The solution to OCSP_(d,tau)\operatorname{OCSP}_{d, \tau} yields p_(b,tau)^(sch):={p_(b,tau+1)^(ch)}^(**^(OCSP_(d,tau)))p_{b, \tau}^{s c h}:=\left\{\boldsymbol{p}_{b, \tau+1}^{c h}\right\}^{*^{\operatorname{OCSP}_{d, \tau}}} for all b inB_(d)b \in \mathcal{B}_{d}. These represent the scheduled charging power to be applied during the immediate next time-slot tau+1\tau+1. This process is repeated in a time-receding manner until the end of T\mathcal{T}, updating the charging schedules by accounting for the realization of uncertain energy consumptions. OCSP_(d,tau)\operatorname{OCSP}_{d, \tau} 的解为 p_(b,tau)^(sch):={p_(b,tau+1)^(ch)}^(**^(OCSP_(d,tau)))p_{b, \tau}^{s c h}:=\left\{\boldsymbol{p}_{b, \tau+1}^{c h}\right\}^{*^{\operatorname{OCSP}_{d, \tau}}} ,适用于所有 b inB_(d)b \in \mathcal{B}_{d} 。这些代表在紧接着的下一个时间段 tau+1\tau+1 中应用的计划充电功率。这个过程以时间递减的方式重复,直到 T\mathcal{T} 结束,通过考虑不确定能耗的实现来更新充电计划。

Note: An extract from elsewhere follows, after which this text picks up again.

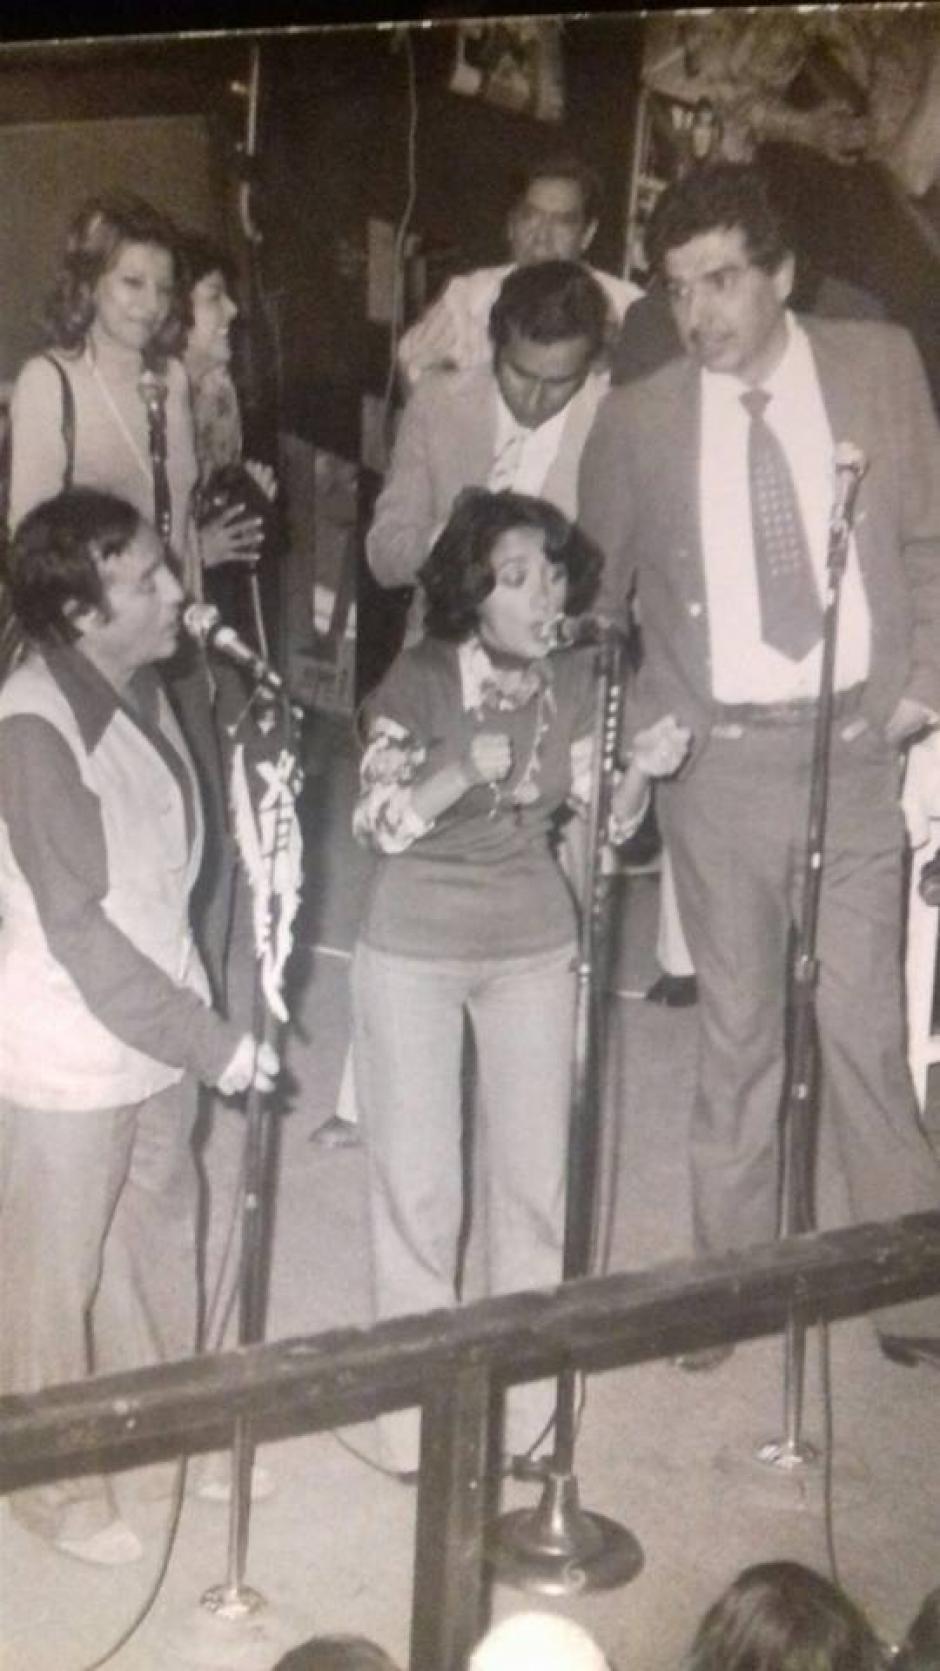 La ocasión en la que María Antonieta cantó sorpresivamente. (Foto: Facebook/La Chilindrina)

VIII. ReSUltS AND DISCUSSION VIII. 结果与讨论
In this work, the internal shuttle bus network of Kent Ridge Campus at the National University of Singapore [43] is considered as a case study. During the data collection period in 2021, six different routes were present on the campus, and a total of 371 trips were served on weekdays during term time, between 07:15 and 23:00. There are three depots, with associated numbers of trips of 174,113 , and 84 , assumed to be served by a total of 25 e-buses. Through the utilization of publicly available data, field studies, and first principles, 在本研究中,新加坡国立大学肯特岭校园的内部穿梭巴士网络被作为案例研究。在 2021 年的数据收集期间,校园内有六条不同的路线,学期期间在工作日共提供了 371 个班次,时间为 07:15 至 23:00。共有三个车库,分别对应的班次数为 174、113 和 84,假设由总共 25 辆电动巴士提供服务。通过利用公开可用的数据、实地研究和基本原理,
^(1){ }^{1} For simplicity, the dd super/subscript indicating depot-specific variables is omitted from notation in this section, though it is still implied. 为了简化起见,本节中省略了表示特定仓库变量的超/下标 dd ,尽管它仍然是隐含的。